As a change of pace from my usual talk of bullshit and nothing that really matters, I'd like to talk to you today about something that will help you. You may not need this information now, but there's a few good tips here you should hang on to.
Mistake 1: Getting a mortgage at all if you don't plan to stay put.
You can no longer assume you'll be able to sell your house at a profit in two or three years. Today, you don't want to buy unless you plan to stay in the house for at least five years and preferably 10.
Consider: The cost to buy a home is more than the price of the house. When you buy, you should expect to pay closing costs equal to about 5% of the value of the house; when you sell, you'll likely pay 5% to your real estate agent. And never mind all the money you'll put into maintaining the house.
So if you can't sell the home for at least 10% more than you paid for it, you'll be losing money. In today's markets, that kind of gain will take years.
Mistake 2: Not checking -- and fixing -- your credit.
A single late payment made during the past year can lower your credit score by 100 points or more -- and that could translate into an additional one-half percentage point on your mortgage rates, plus additional fees at closing.
So, check your credit report for accuracy and get any mistakes taken care of before you apply for a loan. Each report shows how to correct mistakes or submit an explanation for legitimate black marks that appear on the report.
Mistake 3: Getting anything other than a fixed-rate mortgage.
After years of adjustable-rate, interest-only, pay-what-you-want loans, the fixed-rate mortgage is cool again.
It's now cheaper to get a 30-year, fixed-rate loan than it is to get an ARM, and you'll be secure in knowing what your payment will be as long as you have the loan. There's no reason to consider anything else.
Mistake 4: Passing up an FHA loan.
Getting the Federal Housing Administration to guarantee your loan can help any homebuyer who has little cash for a down payment, a low credit score or too much debt.
FHA loans can also help current homeowners struggling to keep up with their payments refinance into a more affordable mortgage. Rules have been changed to make refinancing easier, and the amount of money you can borrow with an FHA loan has been significantly increased.
Mistake 5: Borrowing too much money.
This isn't as easy as it used to be, granted. Lenders aren't throwing money around like they were five years go.
But it's still easy to underestimate how much your house is going to cost -- to lowball taxes, insurance or condo or association fees, or the cost of utilities and maintenance.
This calculator can help you sort through all the costs and decide how much home you can afford. Then set your price range and stick to it.
Mistake 6: Getting just one quote.
Shop around and get at least three to five mortgage estimates. You'll be shocked at the differences among interest rates and fees.
Landing the best possible deal can reduce your payments by hundreds of dollars a month and avoid hundreds or even thousands of dollars of unnecessary fees.
This awesome step-by-step advice on how to find the best home loan will walk you through the entire process.

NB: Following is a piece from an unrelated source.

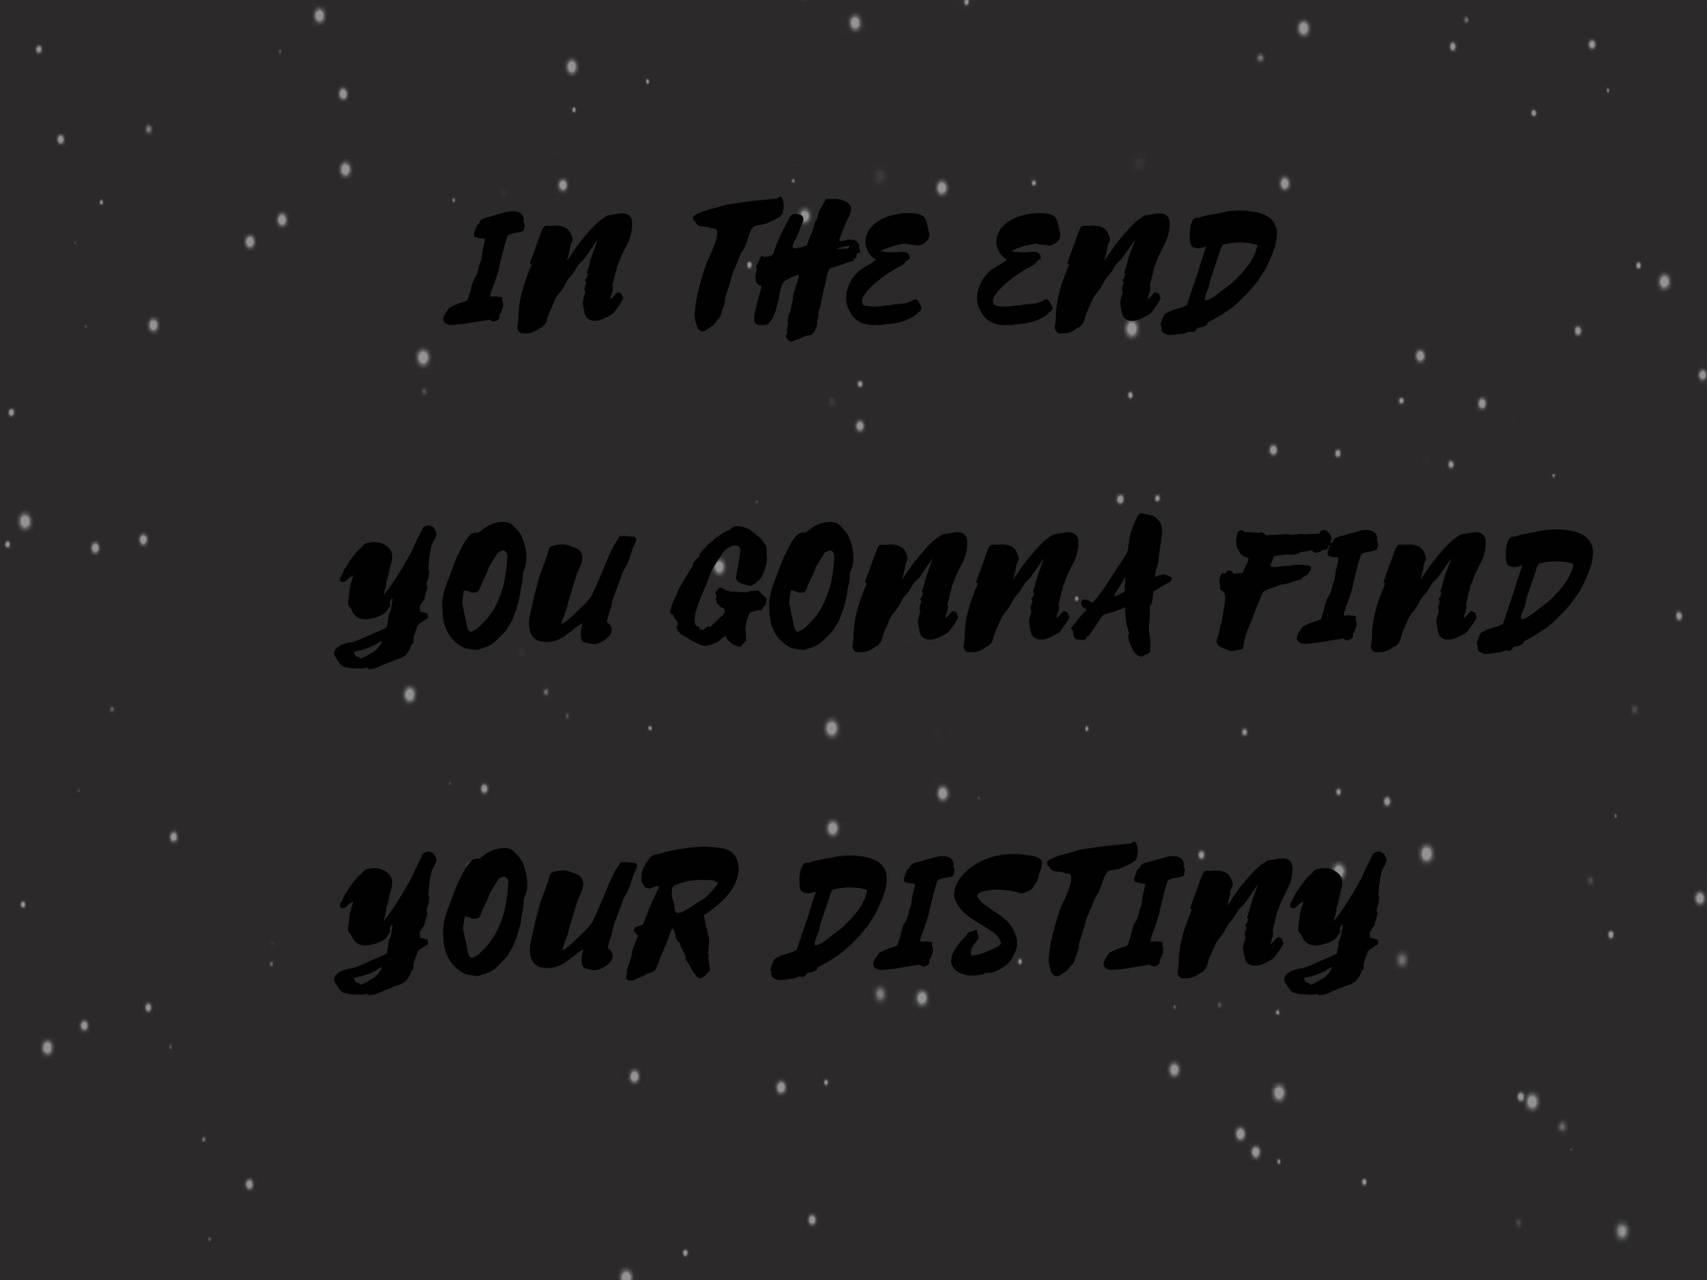 Distiny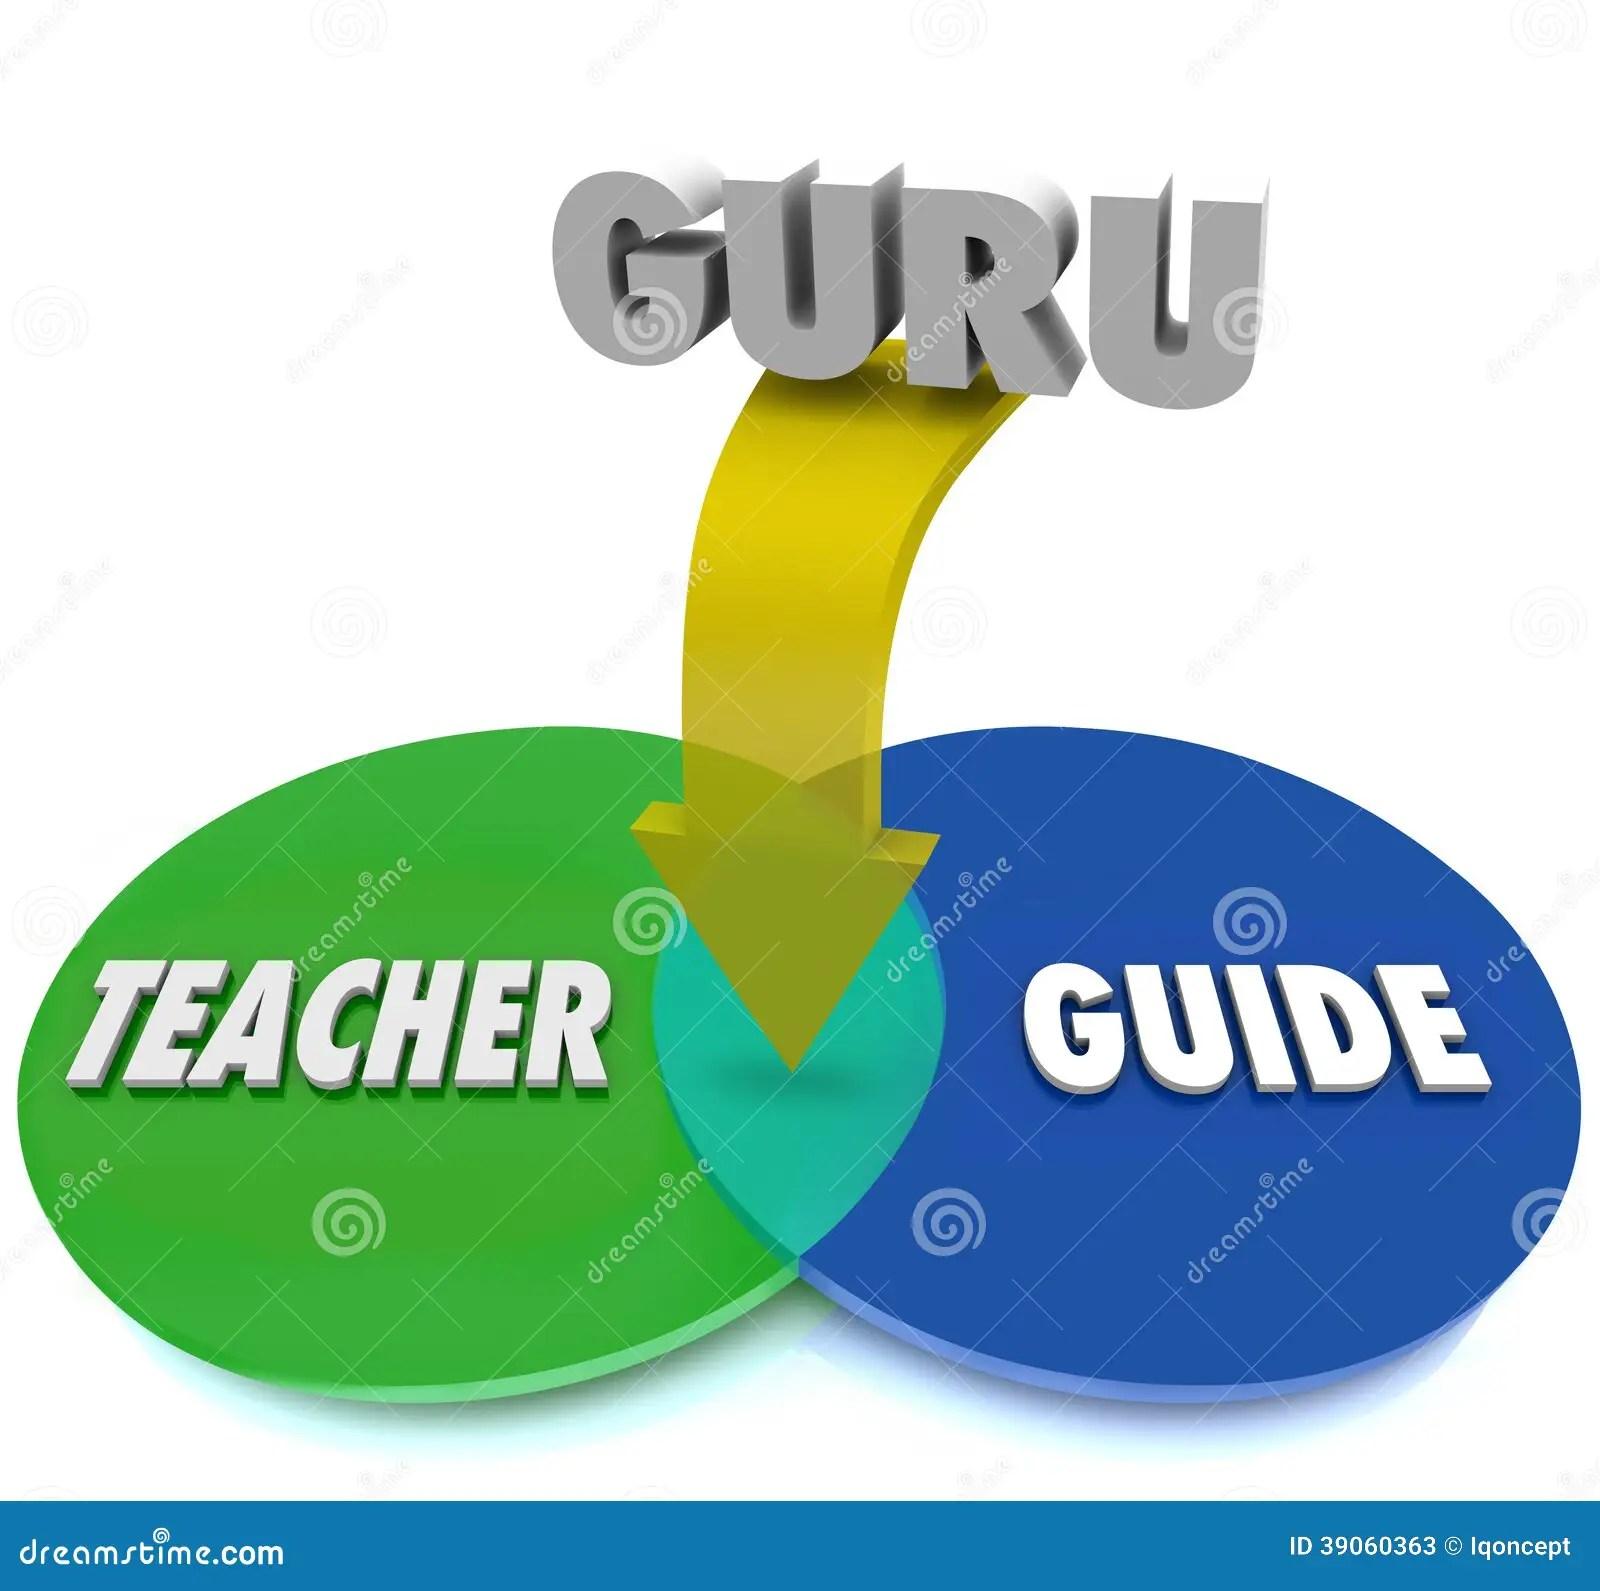 hight resolution of guru venn diagram teacher guide expert master

Mistake 7. Failing to buy down your interest rate.
Paying a point on your mortgage is like prepaying part of the interest on your loan -- you pay 1% of the loan amount up front, and in return, your interest rate is lowered.
In the past, paying one point on a loan might get about one-quarter of a percentage point knocked off your rate. Today, it might get one-half point, or even more.
As an example, let's say you want to borrow $300,000. Pay $3,000 up front, and your interest rate may be lowered from 5.25% to 4.25%, for a savings of about $184 a month. You'll recoup your initial cost in 16 months. Even if the rate only falls to 4.75%, it will save you about $90 per month, a savings you'll recoup in just less than three years.
Paying points doesn't make financial sense for everyone, but the return on investment has never been better.
And there you have it, folks. These simple notices should help you avoid these costly mistakes!